RegexMatch get next position by default

Propose new features and changes
User avatar
RaptorX
Posts: 395
Joined: 06 Dec 2014, 14:27
Contact:

RegexMatch get next position by default

01 May 2022, 02:18

I think it would be beneficial for RegexMatch to either allow for global matches (and avoid the looping we are forced to do atm)
or have some way of telling the function to start at the previous position + match.len by default without having to use additional code as shown below.

Code: Select all

while (pos := RegExMatch(http.responseText, regex, &def, pos+(IsSet(def) ? def.Len : 1)))
{
	OutputDebug pos2 ' ' def.var ' := ' def.val ' `; ' def.comment
	hFile.Write(def.var ' := ' def.val ' `; ' def.comment '`n')
}
Something along the lines of would be nice:

Code: Select all

while RegExMatch(http.responseText, regex, &def, "nextMatch") ;or something like that
Projects:
AHK-ToolKit
lexikos
Posts: 9690
Joined: 30 Sep 2013, 04:07
Contact:

Re: RegexMatch get next position by default

02 May 2022, 00:08

I think it would make more sense to have a separate function with different syntax/usage, to optimize for the fact that the same haystack and needle are going to be used repeatedly.
User avatar
RaptorX
Posts: 395
Joined: 06 Dec 2014, 14:27
Contact:

Re: RegexMatch get next position by default

02 May 2022, 09:35

lexikos wrote:
02 May 2022, 00:08
I think it would make more sense to have a separate function with different syntax/usage, to optimize for the fact that the same haystack and needle are going to be used repeatedly.
That makes sense.

Something along GlobalMatch (if thats the direction you are going with it) might be a good idea.

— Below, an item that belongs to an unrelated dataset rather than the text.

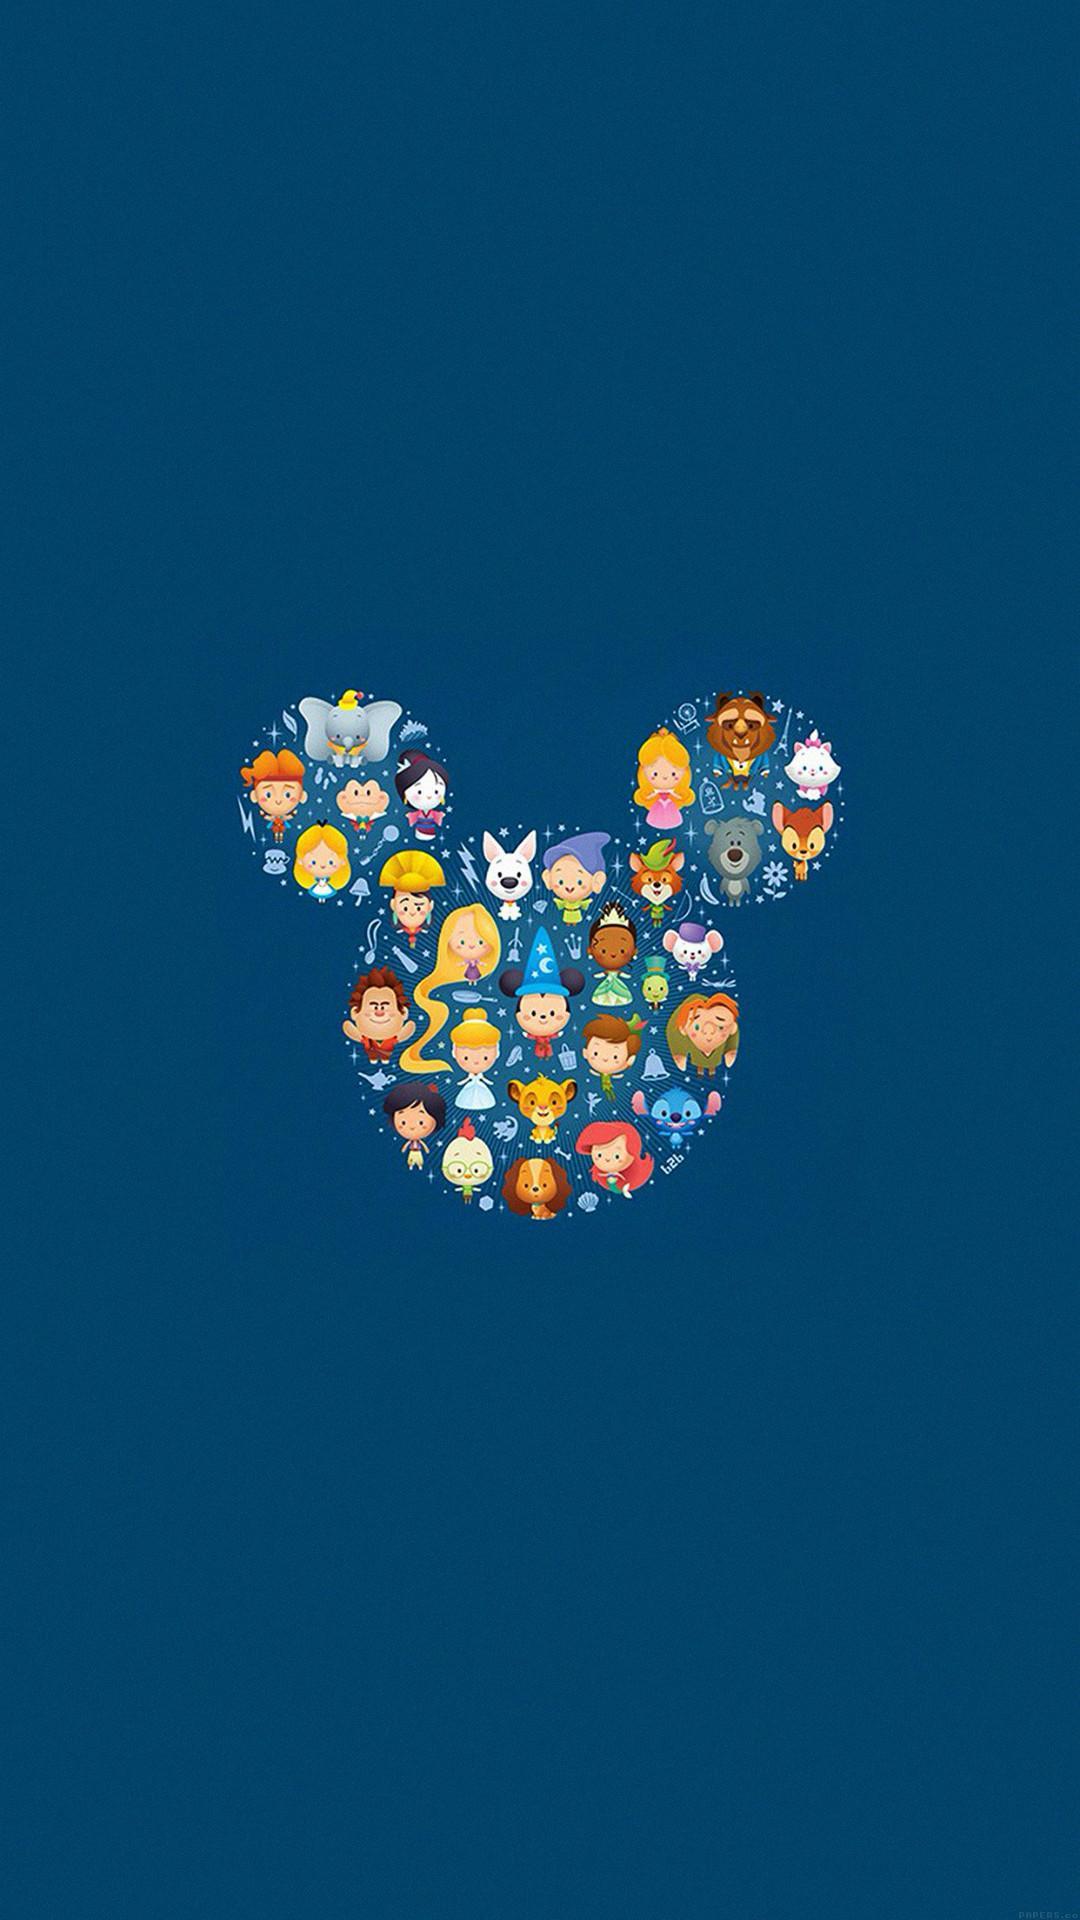 Disney Plus Wallpapers Wallpaper Cave

In some situations I use the VB regex match engine to work around that limitation but i have been having issues in x64. so there's that.
I think there might be legitimate need to optimize for global matching.

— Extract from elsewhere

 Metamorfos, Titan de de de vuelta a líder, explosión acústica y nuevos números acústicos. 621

But that begs the question, would there be an analogous shorthand like ~=? :P
Maybe im just pushing it now.
Projects:
AHK-ToolKit
User avatar
RaptorX
Posts: 395
Joined: 06 Dec 2014, 14:27
Contact:

Re: RegexMatch get next position by default

06 May 2022, 12:52

@Lexicos
I just found this other post I had forgotten about and you are very consistent with your opinions on the matter haha

I like that. I hope to see that idea implemented at some point. Of course I use my own function for it, but I think I keep thinking about it because it might be a nice addition to the language itself rather than forcing users to create their own.
And mainly because regular expressions already do that. It's a matter of missing something that I know is there kind of thing.
Projects:
AHK-ToolKit
lexikos
Posts: 9690
Joined: 30 Sep 2013, 04:07
Contact:

Re: RegexMatch get next position by default

06 May 2022, 19:31

And mainly because regular expressions already do that.
They do what? Get all matches? No, they don't. One has to apply the regex repeatedly, whether it is in script or with equivalent C++.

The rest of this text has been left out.